In this series of advanced ActionScript tutorials, I’ll give some practical examples on how to work with the sound API introduced in Flash Player 10 to process audio in real time (filtering, adding effects, etc.) or synthesize sound from scratch. My goal is to evolve this into a series of articles that starts at the very beginning but goes a good deal farther than other AS3 audio tutorials, which tend to explain the API and then stop there, as if the rest were easy to figure out on your own.

The current roadmap is as follows (I’ll edit this if plans change):

Part 1 gives an overview of what the API is and what it can and cannot do.
Part 2 will explore the different parts that make up the API.
In part 3, we’ll put all of that to use and create a simple effect that takes input from a microphone and turns it into a robot voice.
In part 4, we review a bit of audio theory and explain how flangers, comb filters and chorus effects work.
In part 5, we’ll discuss interpolation by looking at pitch shifting implementations.
In part 6, we’ll start working on a sound manager that will allow you to mix and seamlessly string together pieces of a song. In a Flash game, this would give you the ability to create much less repetitive music while conserving file size.

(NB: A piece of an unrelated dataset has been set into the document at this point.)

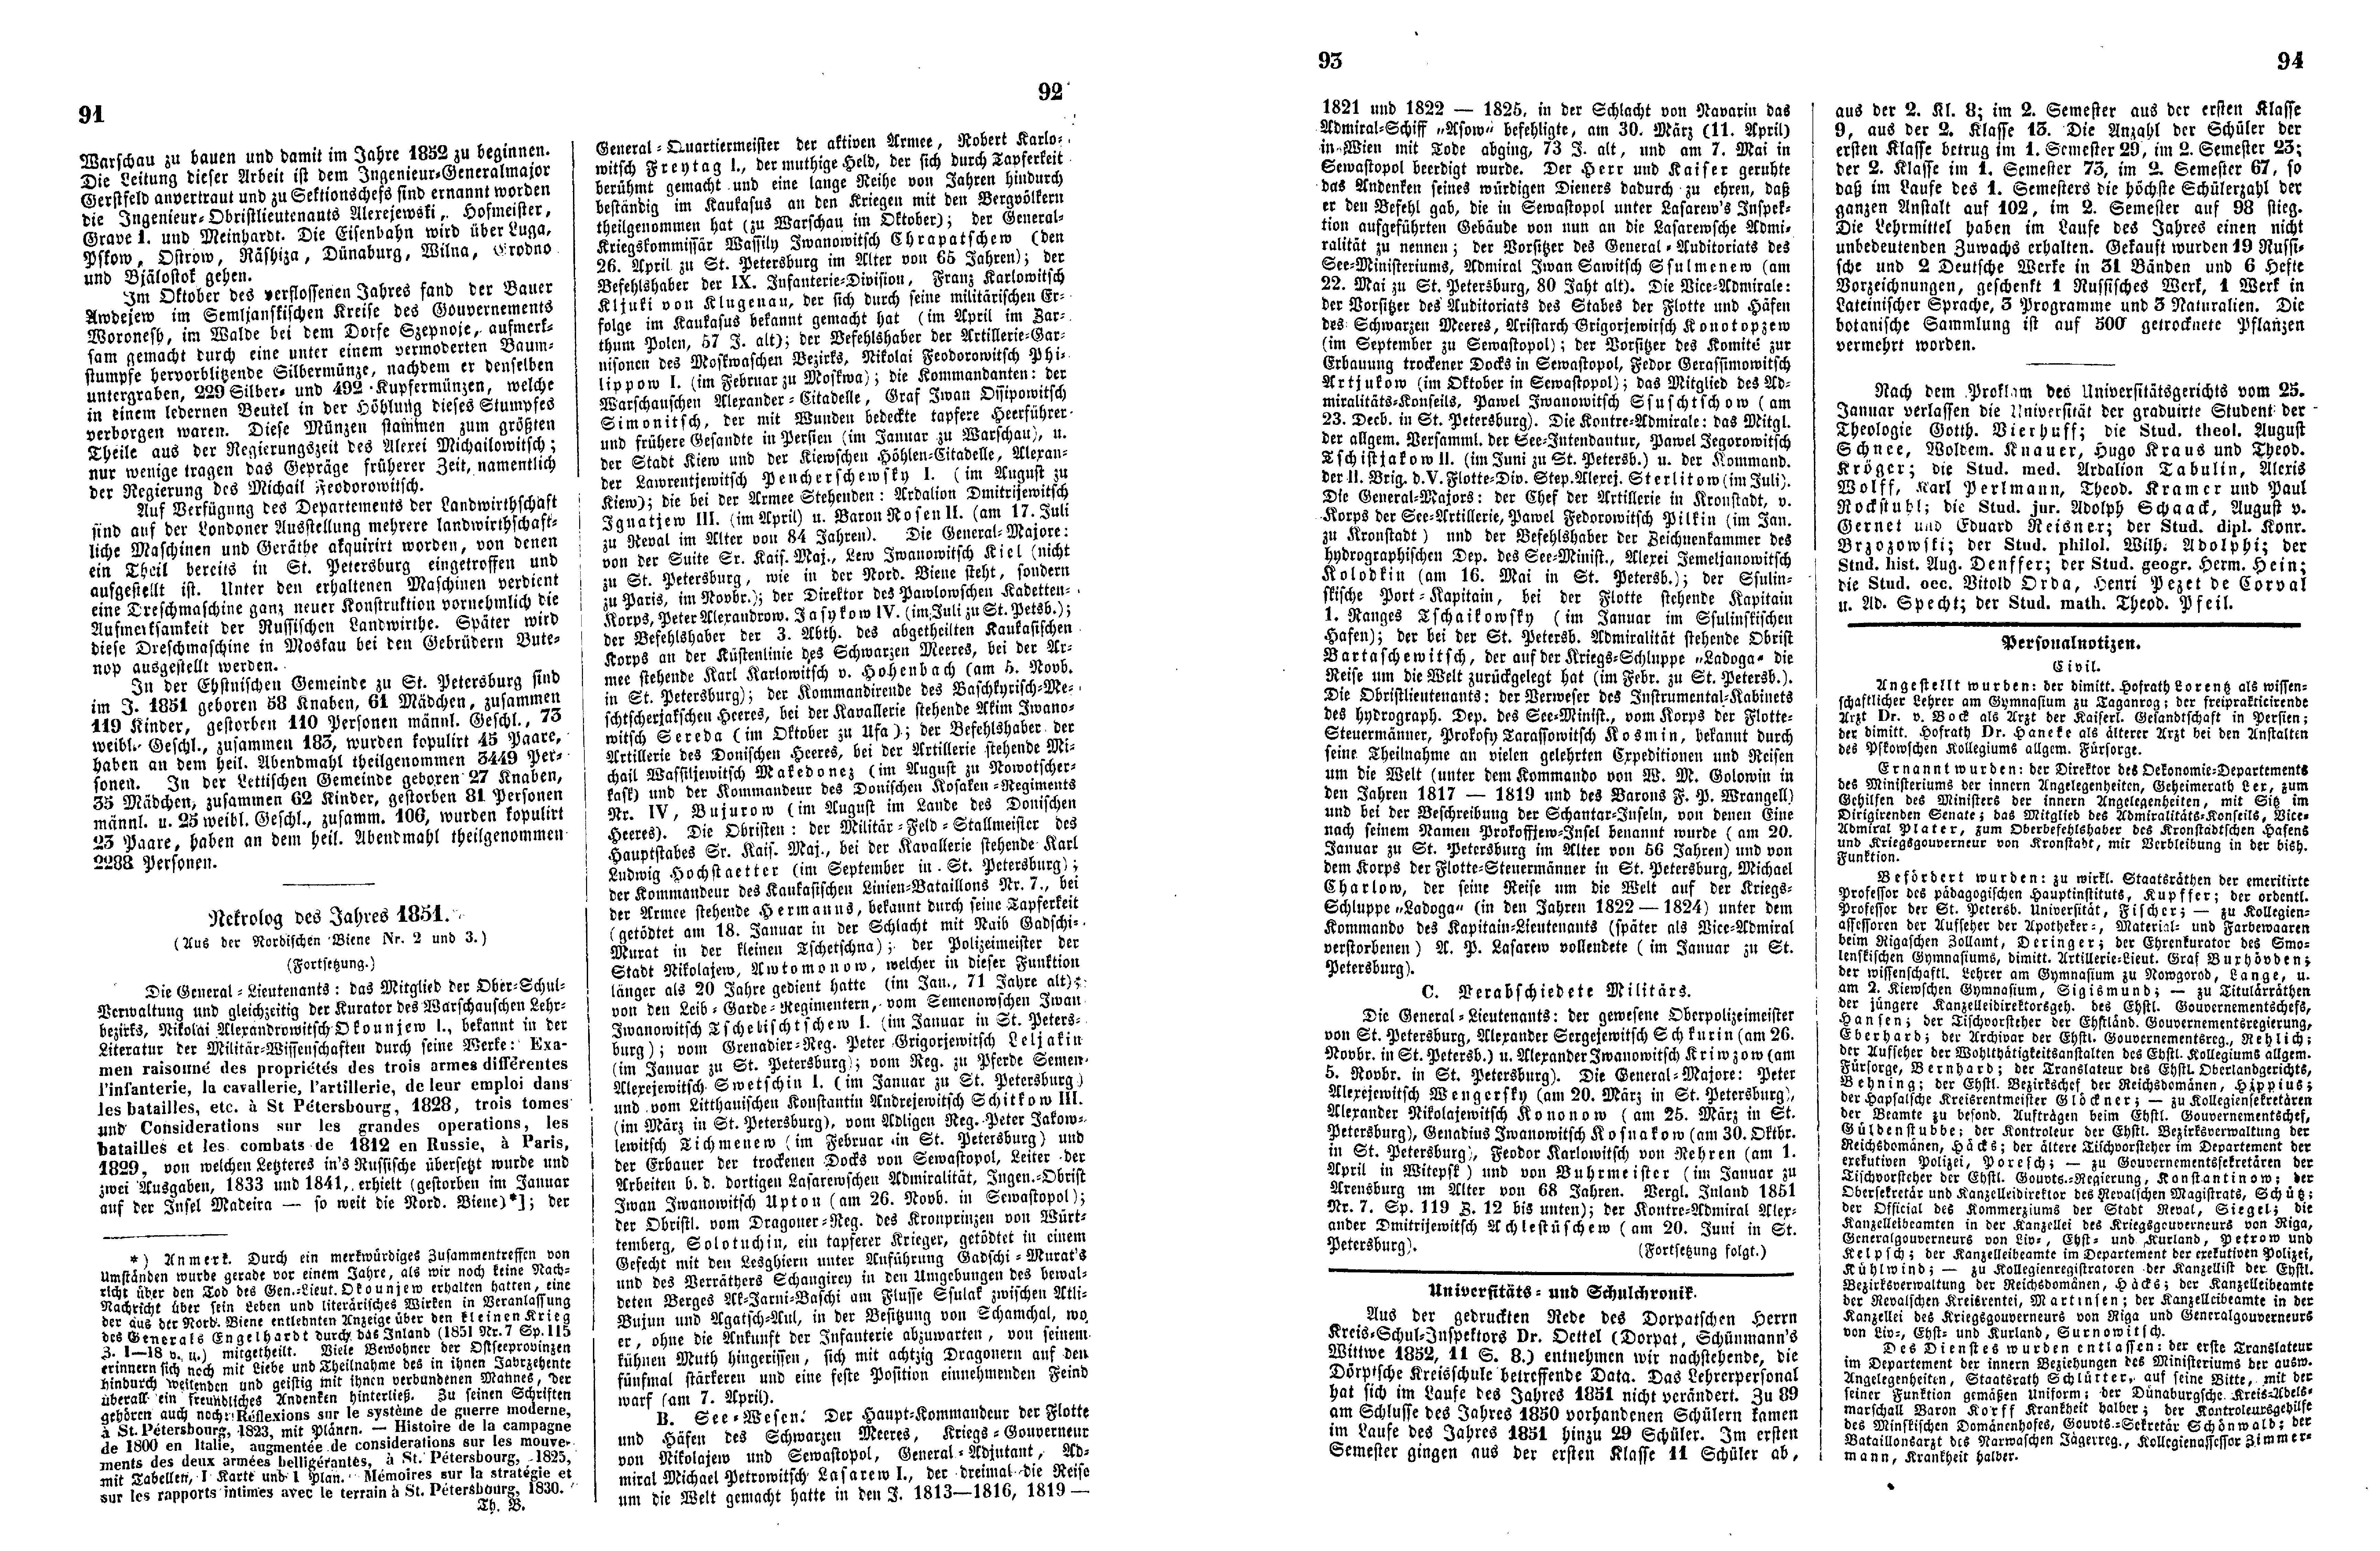 Das Inland [17] (1852) | 27. (91-94) Main body of text

In the installments following that, we’ll extend the sound manager with a flexible effect architecture. To think of what you’ll be able to do with this, picture a Flash game in which entering a cavern would add a low pass filter and reverb to the game music. Finally, at the end of the series, I’ll give you some pointers on how to write your own software synthesizer in Flash.

In between, I’ll probably also write some posts to explain some basic audio concepts or show you how to write specific effects, so if that’s of interest to you, it might be worth keeping an eye out for updates even if you’re not particularly interested in AS3 development. Once we get the basics out of the way, the concepts are pretty independent of language or API.

 

The sound API

Back in the olden days, all that we could do to make some noise in ActionScript was to instantiate Sound objects from an SWF’s library, or load or stream them from the web. There were a few things one could tweak about a Sound instance, such as setting its volume and pitching or panning it, but the overall scope of what you could do with audio in Flash was very limited.

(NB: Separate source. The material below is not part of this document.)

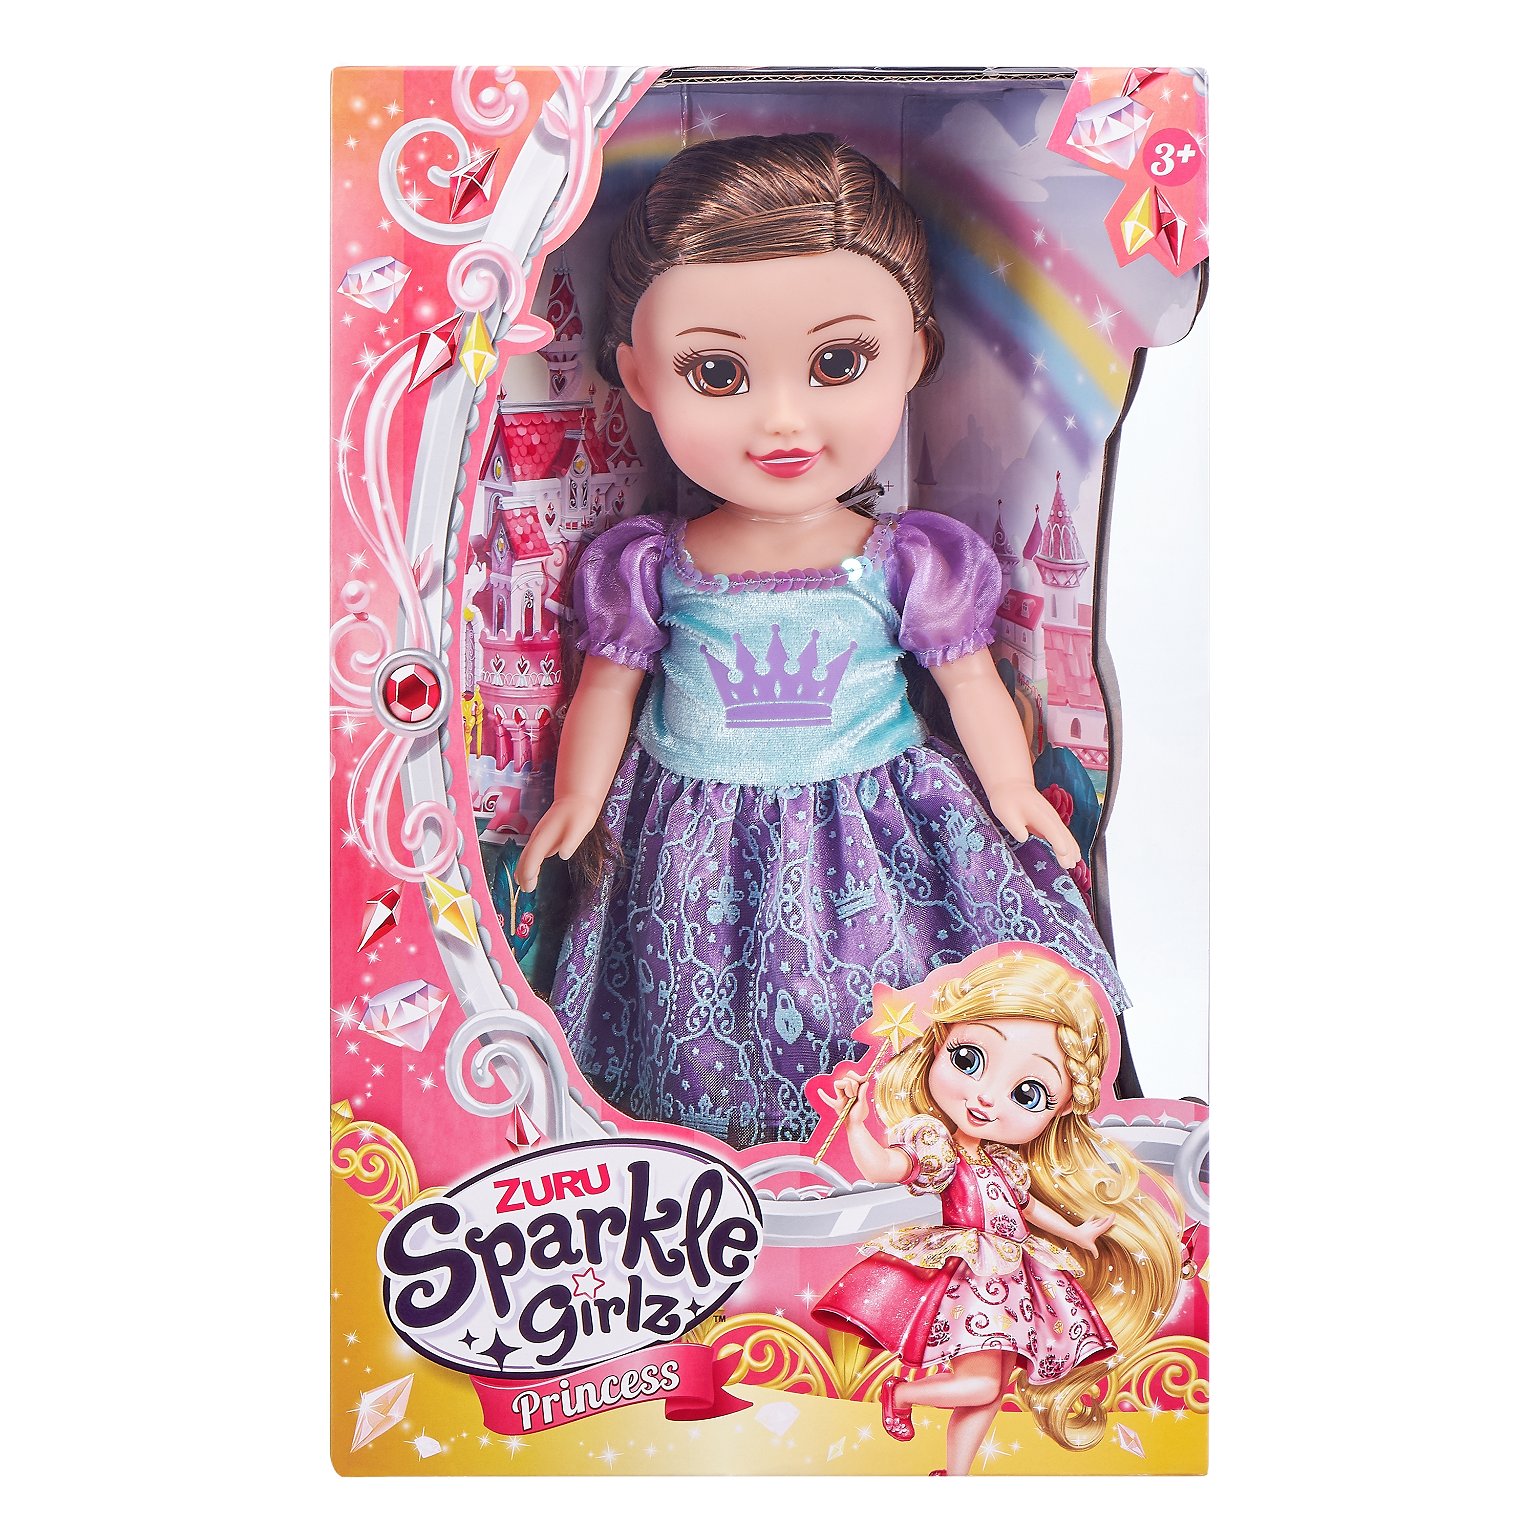 SPARKLE GIRLZ lėlė Sparkle Tots Princess, 33 cm, 10045 - 3

A few very smart folks came up with hacks that allowed dynamic audio processing by manipulating SWFs containing sound objects in memory (I think that’s how it worked – I didn’t pay as much attention at the time, so I confess I’m fuzzy on the details). These workarounds didn’t work consistently across player versions and platforms though, prompting the inception of the “Adobe, MAKE SOME NOISE” campaign. Adobe listened and added dynamic sound in Flash Player 10.

The introduction of the new sound API in ActionScript was a milestone similar to when Adobe first added the ability to directly manipulate pixels in a BitmapData: for most people it made little difference, but for those who like or need to work close to the metal, it opened up a world of possibilities to explore.

Granted, just as people still position Sprites and Bitmaps on a stage, you most likely won’t be abandoning Sound.play() any time soon. For most use cases the conventional method of instantiating and playing Sound objects will be sufficient, and it comes with less latency and less overhead, both in CPU intensity and development time.

 

What it can do

Just as the introduction of BitmapData objects enabled us to access an array of pixels that make up a bitmap image, the sound API enables us to access an array of samples. These samples are either part of a pre-loaded sound, part of a sound that is playing right now (so we can manipulate and change the sound output), or part of the sound input coming from a microphone.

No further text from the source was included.